David - No, you should only use the Hookgrip in a pulling movement, so you do not need to keep it for the jerk. 

Alyssa Sulay
Jason
December 19 2018
As a tall lifter, I have to use the whole length of the barbell for snatch. The inner collar always ends up jamming into the base of my palm in the overhead position. Is this normal for the grip width or am I letting my wrist go too far into extension?

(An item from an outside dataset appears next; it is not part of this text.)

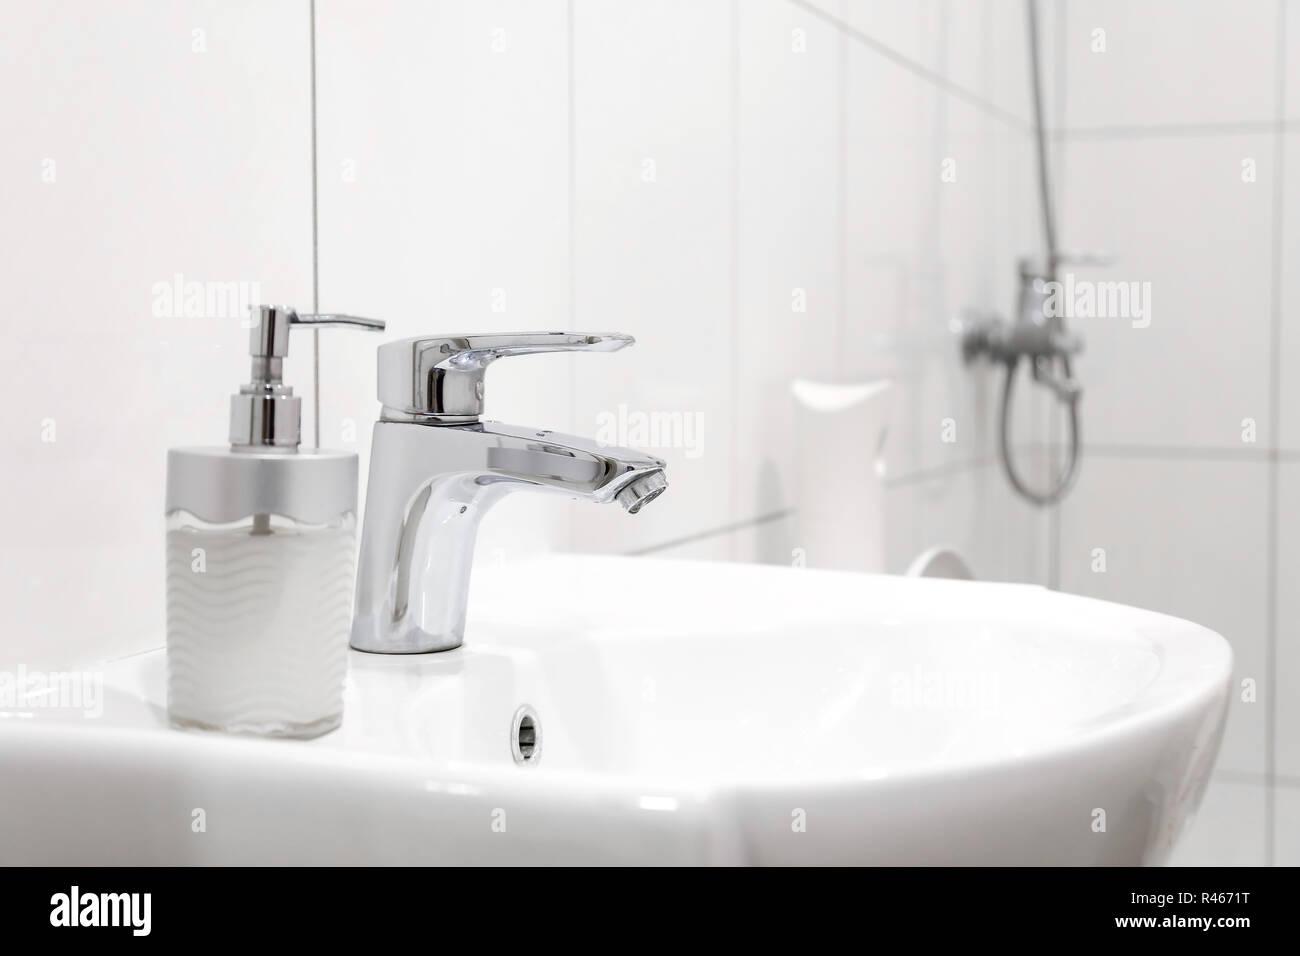 Weiss Stahl Waschbecken Mit Wasserhahn Im Badezimmer Stockfoto Bild

Even if it's slightly narrower than ideal, you need to keep your hands inside the sleeve flanges enough that they don't disrupt the sleeves from spinning. I'm having a hard time picturing what you're describing, but it sounds like you're definitely beyond this point. If it's an issue of the hands sliding out so that they're partly under that flange, you need to keep your grip better as you turn the bar over. The amount of extension shouldn't be the issue - no amount of wrist extension is going to move your hands out under the flanges if your grip isn't too wide already.

Greg Everett
Marti
February 20 2020
Do you have training techniques to strengthen the wrist in the snatch? to help with prevention of extreme wrist extension
Primarily you need to hold the bar correctly. If you do, there won't be such a long lever arm pulling the wrist into extreme extension in the first place. On top of that, you can do wrist curls and jerk supports with 10 sec holds, never exceeding a weight that allows you to hold the proper position.